You could also cut the bottom foot off of the drip pan. Then the drip pan won't tilt back any longer, but the 6 X 6 should fit in there then.???

Bear


----------



## maverick (Dec 29, 2010)

Bearcarver said:


> Flanntastic said:
> 
> 
> > i have the A-Maze-N 6x6 and a MES30, i want to use my apple juice combo in the pan, where do you guys put the A-Maze-N pan in the smoker if you are wet smoking?
> ...


+1 for Bear's comments...that's what I did with my AMNS and MES 30.


----------



## flanntastic (Dec 30, 2010)

sweet!   thanks


----------



## rjp123 (Jan 19, 2011)

Native said:


> Is it the analogue or digital model? http://www.masterbuilt.com/pm-smokers.html


I have the analog model.   Where would I place the AMZN 6x6 in that?

Tks.


----------



## Bearcarver (Jan 20, 2011)

rjp123 said:


> Native said:
> 
> 
> > Is it the analogue or digital model? http://www.masterbuilt.com/pm-smokers.html
> ...


I don't have one of them, but looking at the pictures on the link you gave, how about on the bottom rack, all the way to the right if you're using heat, to keep it away from the heat.

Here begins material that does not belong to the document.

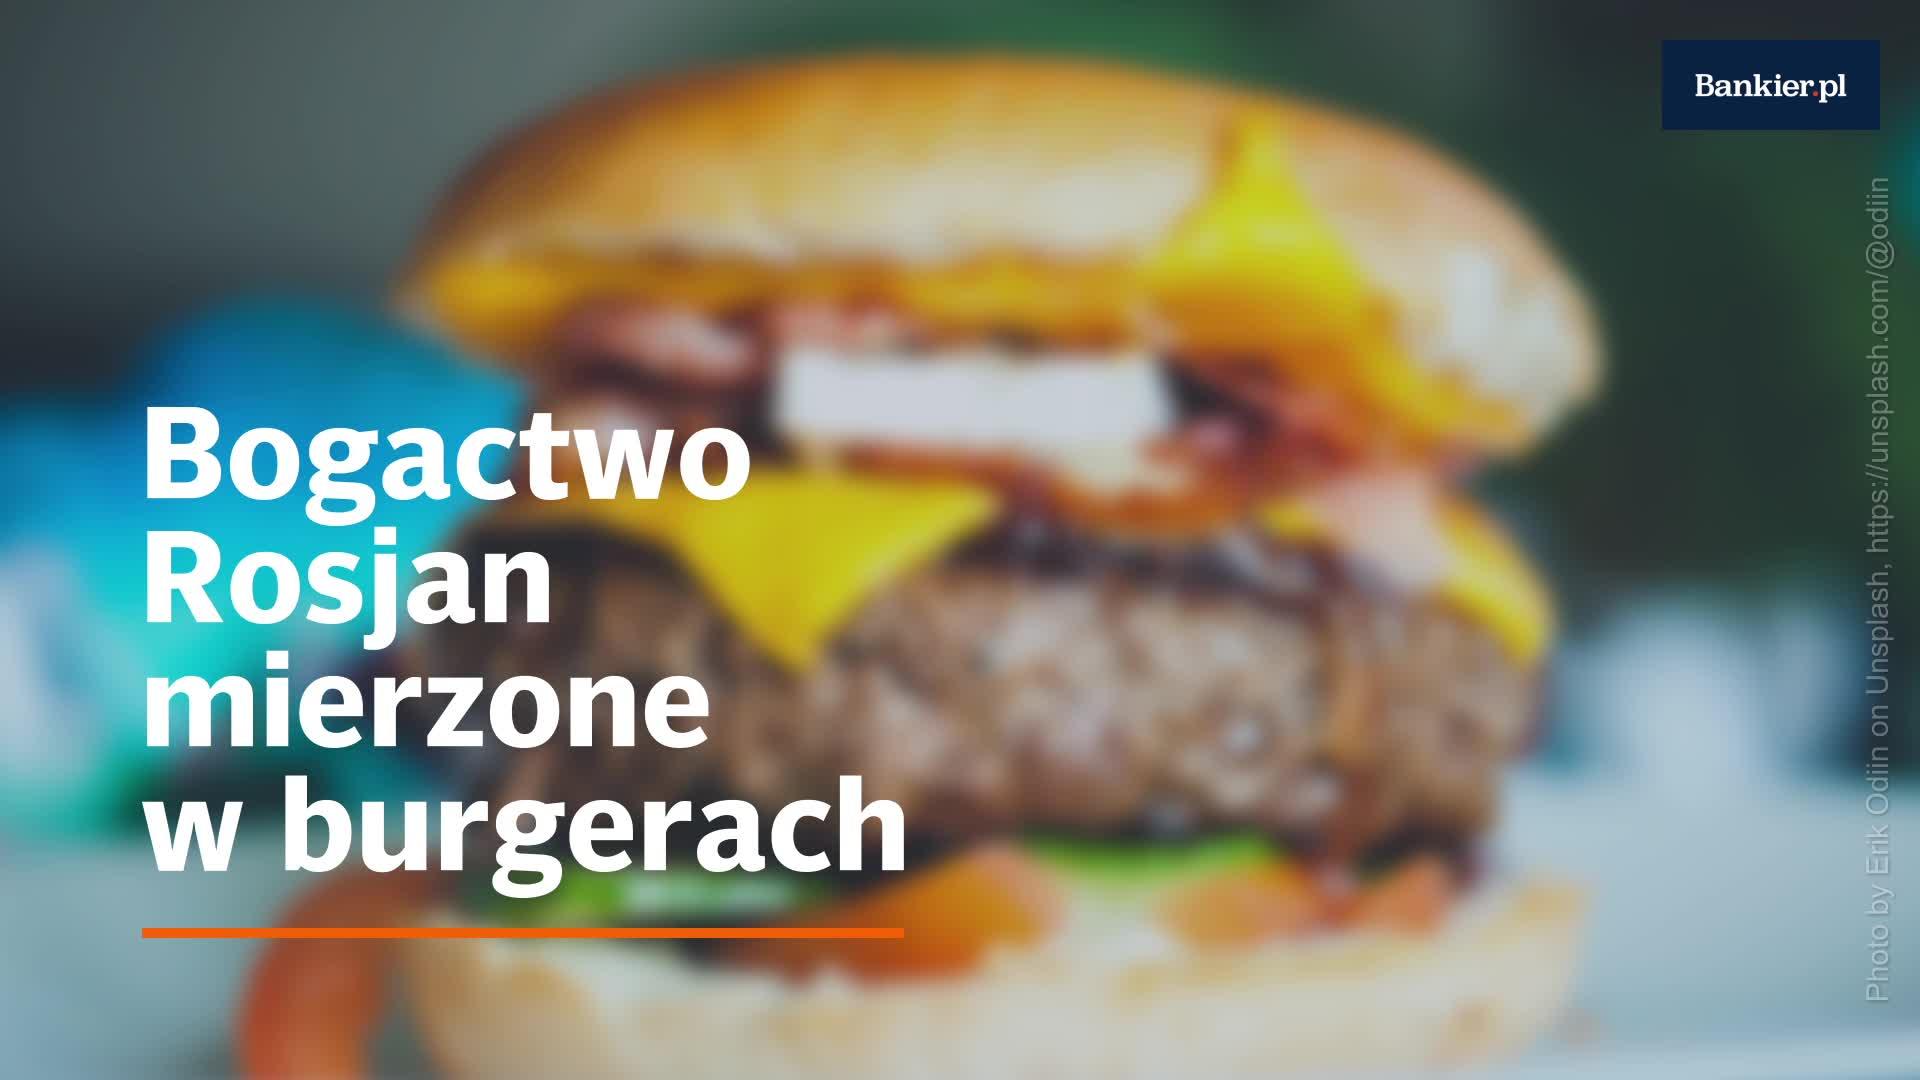 Bogactwo Rosjan mierzone w burgerach

If you aren't using heat, maybe on the left someplace, or if you aren't using water in your pan, how about inside the water pan?

The pictures aren't the best for these old farsighted eyes to see.

Bear


----------



## native (Jan 20, 2011)

In my analogue model, I put the AMZN in a shallow aluminum pan and put it on the left on top of the water pan. I put a deeper aluminum pan over it on the first shelf and use that as my water pan.  Even if I'm not using water, this pan keeps meat drippings off the smoker.  The other 2 shelves provide plenty of space for the small smokes I do for my wife and I and maybe some friends and neighbors.

It could also go go on the bottom shelf as Bear suggested which would be a bit farther away from the heat than my solution.  Just tent it with foil or another pan over it on another shelf to keep drippings from putting out the AMSN smoker.


----------



## flanntastic (Jan 21, 2011)

would it be bad if the amazen was above the meat?


----------



## Bearcarver (Jan 21, 2011)

Flanntastic said:


> would it be bad if the amazen was above the meat?




I guess that depends on the smoker.

In mine & I guess yours, the exhaust vent is in the top, so that would mean most of the smoke would rise & go out the vent, without ever saying Hi to the meat.

You want the natural flow to take your smoke through the meat, on it's way out the vent, so it should be placed below the meat.

Bear


----------



## tjohnson (Jan 21, 2011)

Flanntastic,

I tell people to swap the lower drip pan around, and place the AMNS ontop the pan, or place it in the water pan and use a different pan for water/juice.

My own 6x8 AMNS usually goes in the water pan in my 40" MES.  I use a small foil pan for water if needed.

Keep the AMNS below the level of the meat.

Todd


----------



## hawkiphan (Jan 21, 2011)

Todd are you still using the drip pan but just turning it around? I am thinking about buying one of the A-Maze-N which size works best for the 30 inch MES?


----------



## porked (Jan 21, 2011)

Hawk, the 6X6 works with the 30" MES just fine, and you need to order one right now.


----------



## Bearcarver (Jan 21, 2011)

They both fit the same, but since the 6 X 8 fits just as good as the 6 X 6, you might want to spend the extra $5, or whatever it is, and get the benefits of the couple hours longer burn time.

6 X 6 -----------36 square inches.

6 X 8 -----------48 square inches (33 % more burn time).

Bear


----------



## rjp123 (Jan 22, 2011)

Groovy! Thanks for your help.  I just bought the 30" analog model and am new to smoking.  Once the weather gets above freezing I'll seaon and get smokin'!  Order placed for the 6x6!


----------